Стоя перед грудой обгоревшего кирпича и обугленного дерева, глядя на глубокую воронку в земле, я не мог поверить, что вижу перед собой руины нашего дома. Словно драгоценную реликвию, подобрал я целехонькую связку чеснока. Вот полинявшие клочья одежды — не знаю, кто из братьев щеголял в ней, когда она была новая. Вот помятая медная кастрюля, искореженная и продырявленная огромной неведомой рукой. Вот пустая банка из-под мясных консервов. Я помню, как сам покупал эти консервы и потом во дворе дома вскрывал их, а братья смотрели на меня. Мать крикнула из окошка: «Ну, вскрыл наконец?» Меня охватила смертная, жгучая тоска. Ох, этот конец дня, медленное его умирание!
Вдруг офицер что-то сказал, словно прогудел, как самолет на бреющем полете. Я вскипел. Воскликнул с негодованием: «Я Мустафа Абуль Касем, учитель начальной школы в деревне Кяфр-Амер, провинции Суэц». А чтобы он поверил мне, понял, что я не лгу и даже не помышляю о лжи, я достал свое удостоверение, членскую книжку профсоюза учителей и проездной железнодорожный билет. Он не взглянул на документы, а просто сказал: «Ладно». Я понял, что он требует изложить ему суть дела. Я все рассказал вкратце. В половине десятого погибли моя мать, сестра и пятеро братьев.
Офицер молча шевелил пальцами. Потом, не глядя на меня и словно не замечая Абд аль-Монейма, спросил: «Где и когда?» Я ответил: «Их убила израильская ракета «Земля-земля» утром во время завтрака третьего августа семидесятого года». Он взял мое удостоверение, стал его внимательно рассматривать. За окном быстро меркнул бледный, печальный лик уходящего дня. Я сказал, что пришел к нему не из-за этого. Я пришел с жалобой на врача государственной клиники. Слегка склонив голову, он спросил, остались ли еще там феллахи. Я ответил, что остались в деревнях вокруг Исаилии и у нас, в Суэце. Он спросил, почему они не эвакуировались. Я ответил, что землю нужно обрабатывать, что каждый кормится со своего участка, что почва в Суэце солончаковая и если ее хоть на месяц оставить без присмотра, она зарастет тростником, а тогда нелегко будет вновь ее культивировать. Он сказал: «Это же глупо, оставаться там, где грозит гибель». Что можно ответить на такие слова? Я молчал. Я представил себе братьев, спешащих из дому в поле, мать, присевшую на обочине дороги, чтобы вытащить мелкую колючку, впившуюся в ногу. Я приезжал к ним в отпуск вместе с другими братьями, которые учились в разных школах. Мать выходила нам навстречу. На подбородке у нее была зеленая татуировка, поблекшая за долгую жизнь.

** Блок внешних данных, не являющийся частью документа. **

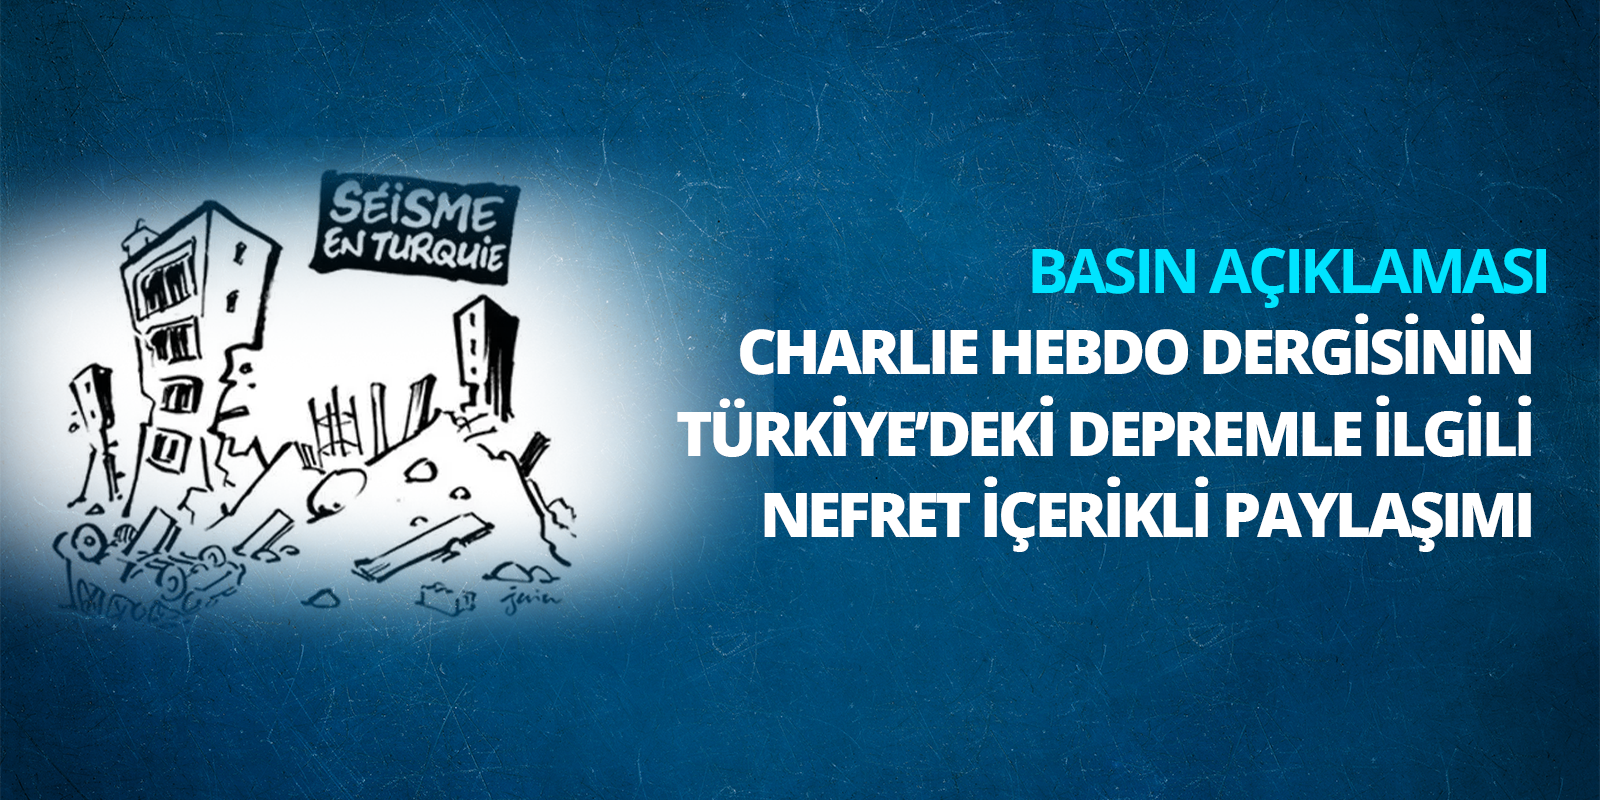 Charlie Hebdo Dergisinin Türkiye'deki Depremle İlgili Nefret İçerikli Paylaşımı Hakkında Basın Açıklaması

Офицер спросил, почему я жалуюсь на врача. Я коротко объяснил, что Абд аль-Монейм Абуль Ата ранен, что его нужно лечить, а врач выслушал ему грудь и спину и, не взглянув на его искалеченные уши и глаза, выпроводил нас вон. Необходимо вернуть Абд аль-Монейму зрение и слух. Нужно, чтобы он рассказал мне, как все произошло тогда, в половине десятого. Офицер покачал головой. Большие часы торжественно, словно возвещая смерть, пробили семь. Офицер сказал:
— Приходите завтра утром.
Земля ушла у меня из-под ног. Я шагнул вперед:
— Прошу вас, сделайте все возможное. Мы ходим целый день, а я даже не могу его спросить, не устал ли он.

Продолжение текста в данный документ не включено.